Each constituency will by the end of the year boast of at least five digital centres complete with computers and Internet connectivity in a government plan to bridge the IT gap.
Safaricom, Telkom Kenya, Zain Kenya and Essar telecoms are required to roll out the digital villages as the government implements part of the Kenya Communication Amendment Act 2009 which stipulates that the Communication Commission of Kenya (CCK) levies the operators a universal access Fund of one per cent of their total revenue for the project rollout.
Safaricom has already embarked on the project and has put up 500 digital centres across the country.
It is using its third generation technology 3G in these centres as it offers faster Internet connectivity.
The operators have in the past been against CCK levying them the fee directly, questioning which projects the government wanted to implement with the money and instead asked the regulator to identify the areas that it felt were not covered adequately so that they can implement the projects by themselves.
Information permanent secretary, Bitange Ndemo said instead of levying the fee this year, the government has asked each operator to roll out five digital villages in all constituencies in the country.
“For the last three years we have been talking about rolling out digital villages in the country but it has not picked up due to delays in financing that we were to get from the World Bank,” said Dr Ndemo.
“However we have now asked the telecommunication operators to roll them out as a way of meeting the universal access Fund obligation” .
Telkom Kenya, which is yet to roll out its 3G networks is said also to be working on a plan to set up the centres using its mobile wireless technology Code Division Multiple Access (CDMA).
Mr Paul Kukubo, the chief executive of the Kenya ICT board that was in charge of coordinating the rolling out of the digital villages or Pasha centres says that the government has already trained 1,000 youths who are supposed to be loaned up to ShI million to set up the centres.
But the government is yet to disburse this amount to the youth who were trained ,making it impossible to utilise the acquired entrepreneur expertise.
“We intend to disburse the funds through the banks by October to benefit the trained youths,” said Mr Kukubo. “Not all those who were trained will benefit as the banks will have to go through their business plans and only give the loans to individuals whose plans looks viable”
The Pasha centres were to be run by private entrepreneurs who obtain training in business and information technology from certified training programme offered freely by the Kenya ICT board, which has contracted 10 training firms to offer the services in the eight provinces.
Due to the expansive geographical nature of Rift valley and Central Kenya, the two provinces each got an extra training firm.
The project is in four components, to offer training, bandwidth capacity subsidy, IT support to the centres and provide a revolving fund.

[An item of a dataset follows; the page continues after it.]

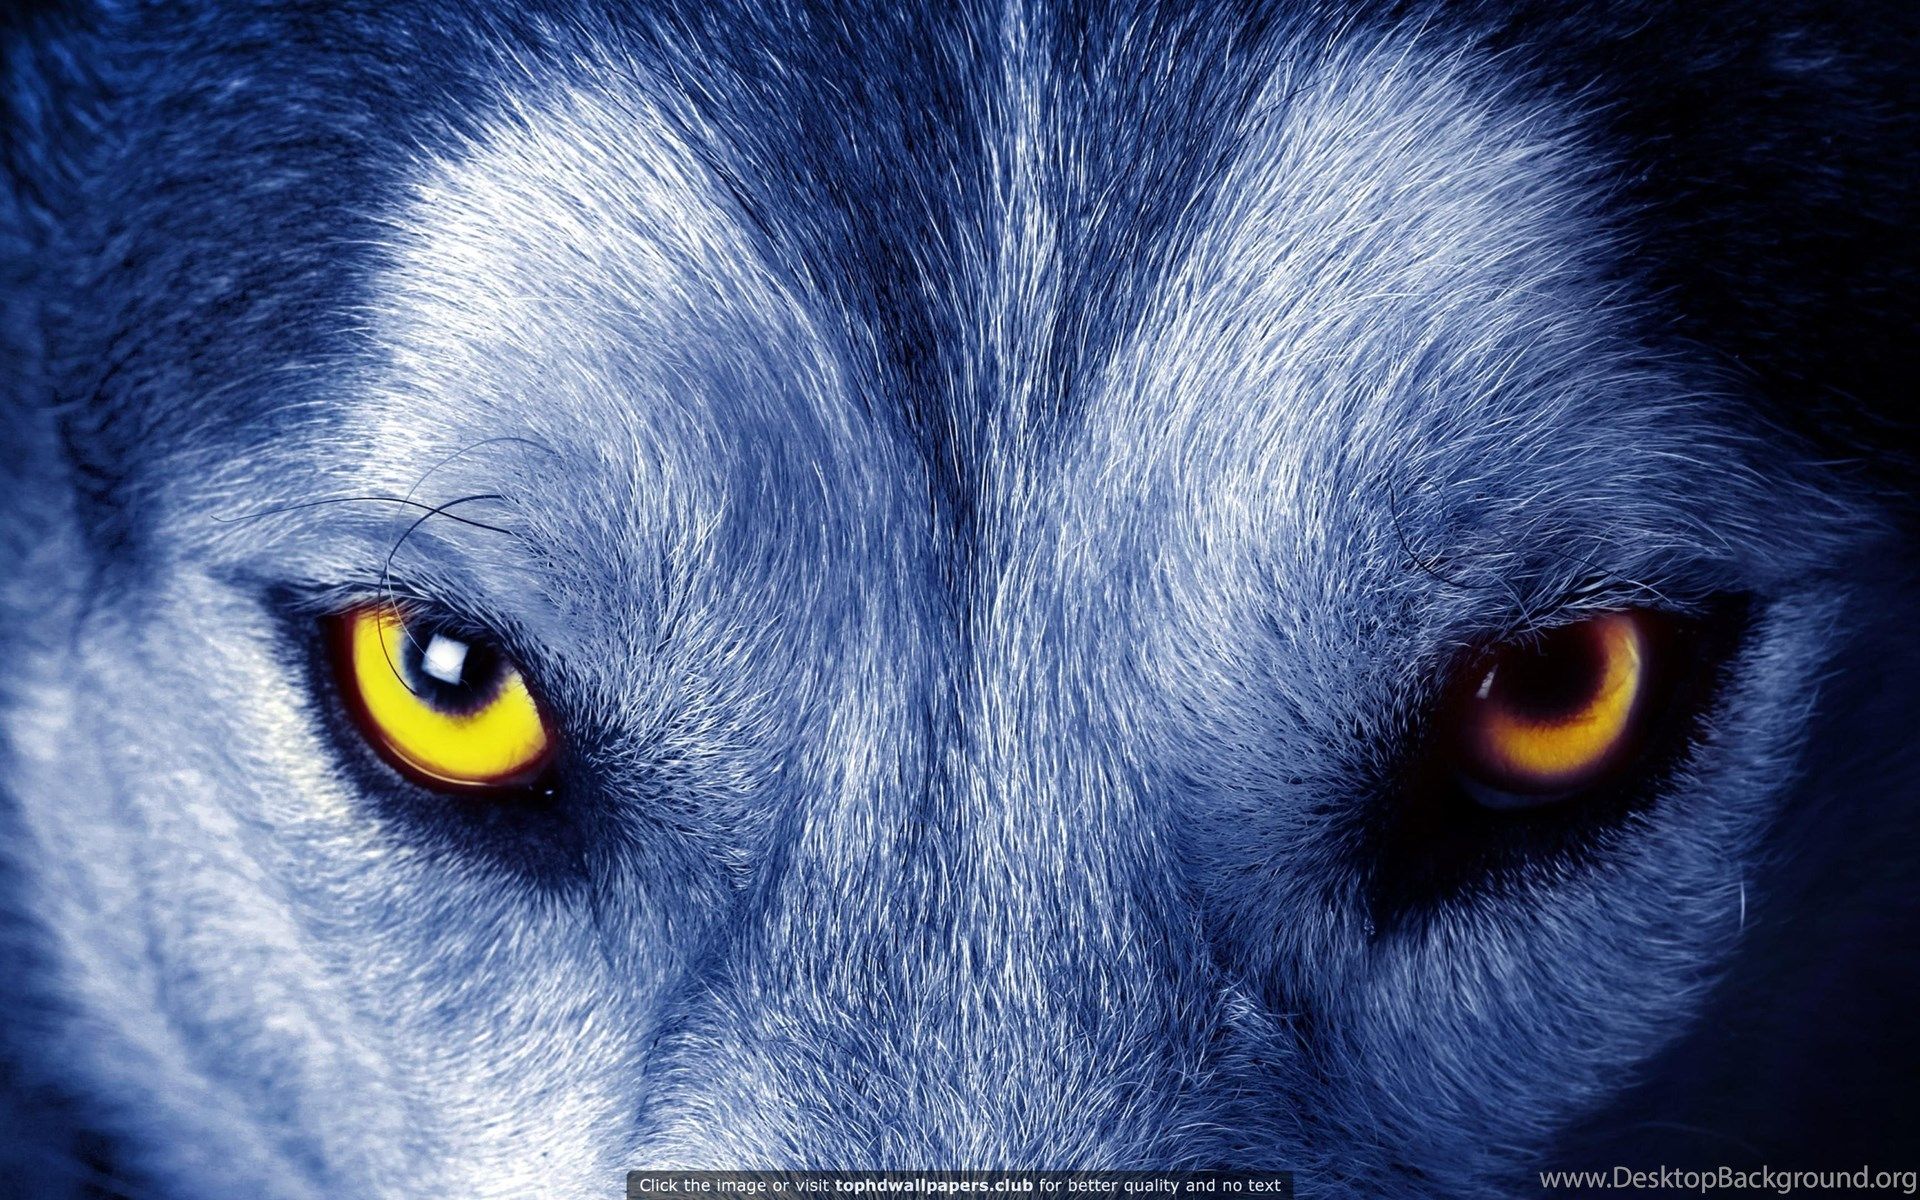 Best Wolf 4K Or HD Wallpaper For Your PC, Mac Or Mobile Device Desktop Background
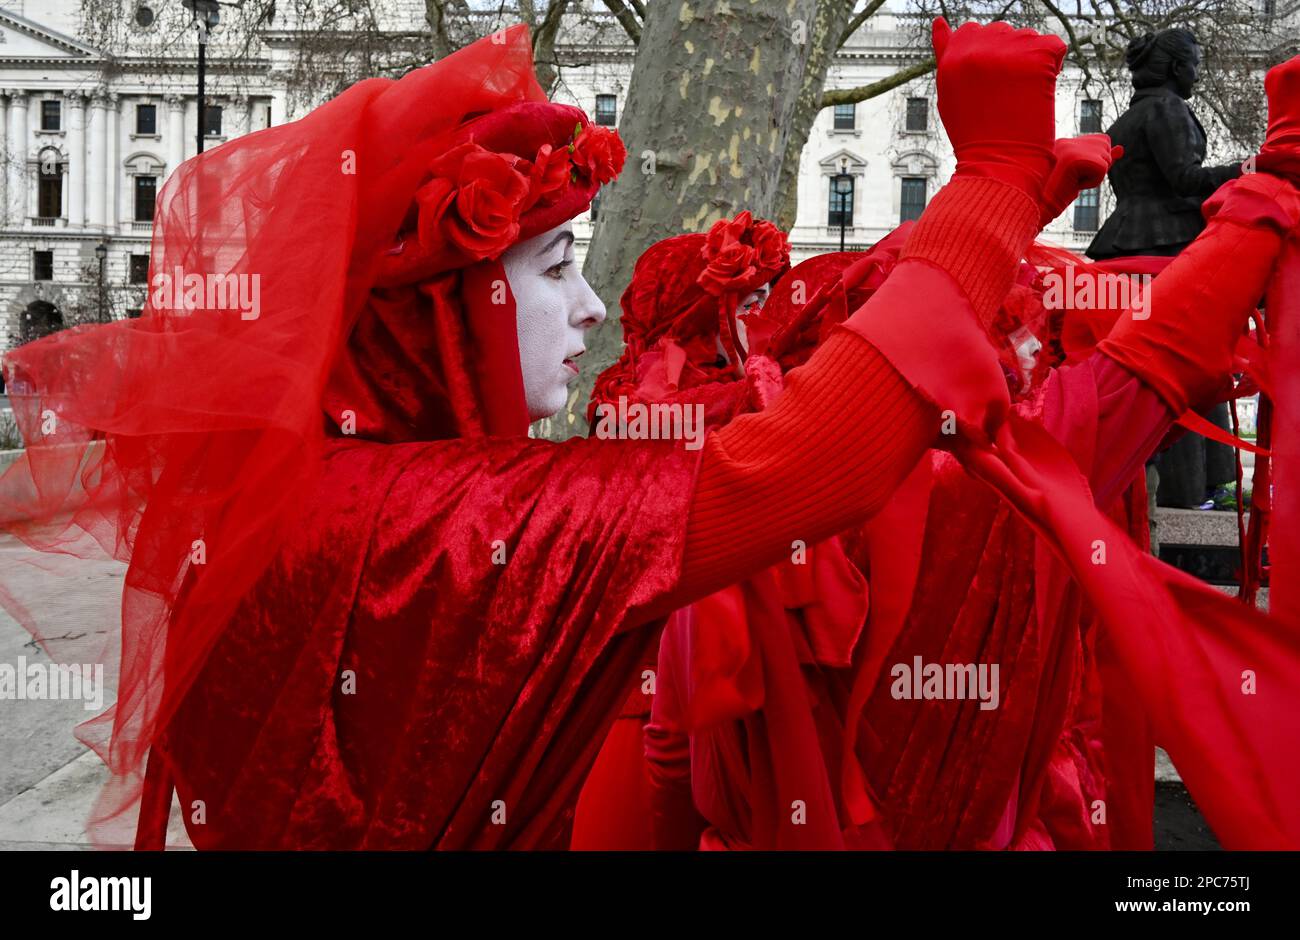 London, UK. Red Rebel Brigade. Extinction Rebellion protested in Parliament Square against the UK Government's blocking of a law that requires water companies to refrain from dumping raw sewage in our waterways and seas. Credit: michael melia/Alamy Live News Stock Photo

The entrepreneur training has a budget of $ 2 million, Revolving fund $ 4 million while IT support and bandwidth support each has a budget of $ 2 million.
Apart from meeting the government obligation the operators are positioning themselves to offer data services in the rural areas while the government intends to use the centres to deliver its services online , e-government.
Kenya Data Network and Popote wireless teamed up to roll out the project in all 210 constituencies in the country but the initiative will be managed by KDN.
Digital centres will be equipped by between 10 to 20 computers, have Internet connections and scanners while the digital Kiosks will have up to 5 computers and located in divisional level.
Kenya Data Networks intends to spend $10,000 per site and another $200,000 for control centre that will be based in Nairobi.
The investment by KDN involves installation of transmission dishes and constructing of towers and providing connectivity to the sites.